Efforts to protect traditional food must be carried out appropriately so as not only to
make traditional food sustainable, but also to maintain the uniqueness of traditional
food. This study aims to further examine the relationship between the quality of
traditional food and the intention to consume traditional food to find out what factors
consumers see when consuming traditional food. In addition, this research will also
find out more about the influence of nostalgic emotions on the intention to consume
traditional food as a marketing method used to preserve traditional food by maintaining
its uniqueness. There are six constructs examined in this study, namely traditional food
quality, price fairness, experiential value, nostalgic emotion, and consumption
intention.
This research will be limited to traditional cake-type foods with the research targets
being Generations X, Y, and Z. In total, 456 responses were collected, of which only
449 data met the criteria that could be processed further. The data collected is then
processed through demographic data which consists of several variables such as
generation, gender, domicile, and occupation.

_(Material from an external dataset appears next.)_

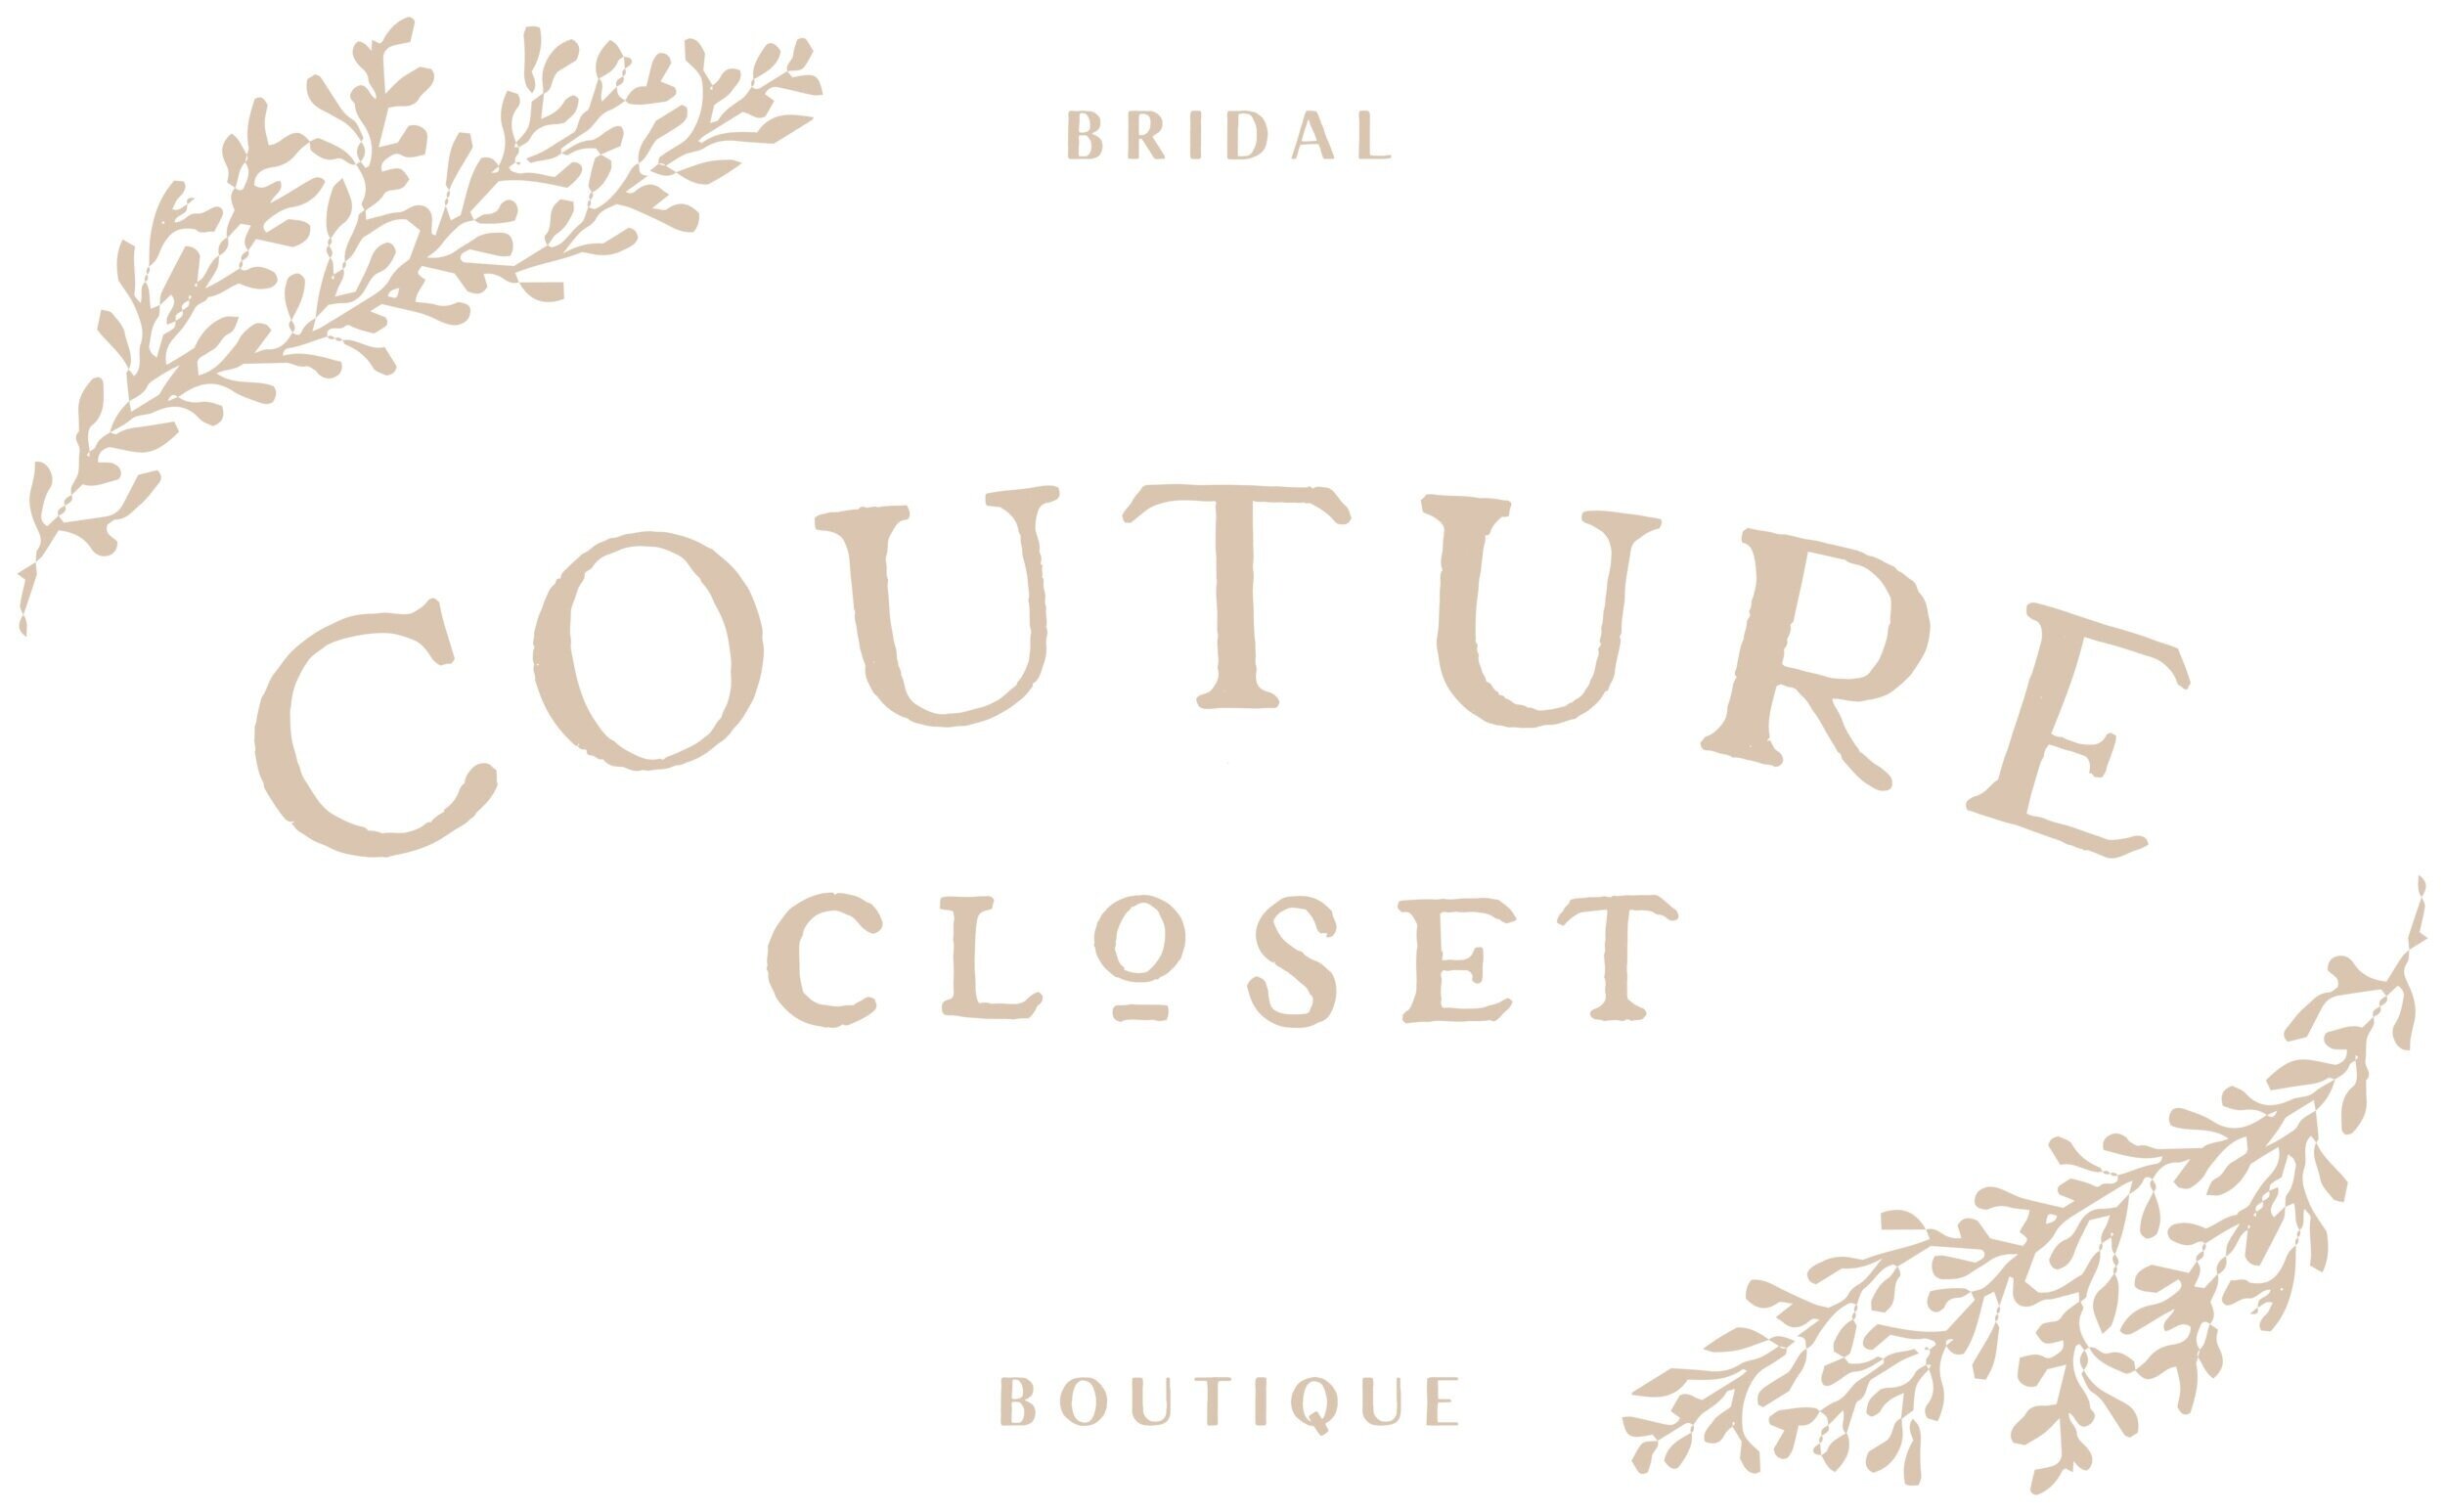 Couture Closet

Testing the research model will use the
Partial Least Square Structural Equation Modeling (PLS-SEM) method with
SmartPLS software.
The research results show that the constructs of traditional food quality, price fairness,
experiential value, satisfaction influence consumption intention. Nostalgic emotions
have also been proven to influence intentions to consume traditional food. Apart from
that, this research also proved that the health construct does not build perceptions of
the quality of traditional food. This is because in Indonesia traditional cakes are often
associated with the concept of market snacks which are not very hygienic and are seen
as a snack that is not rich in nutrients.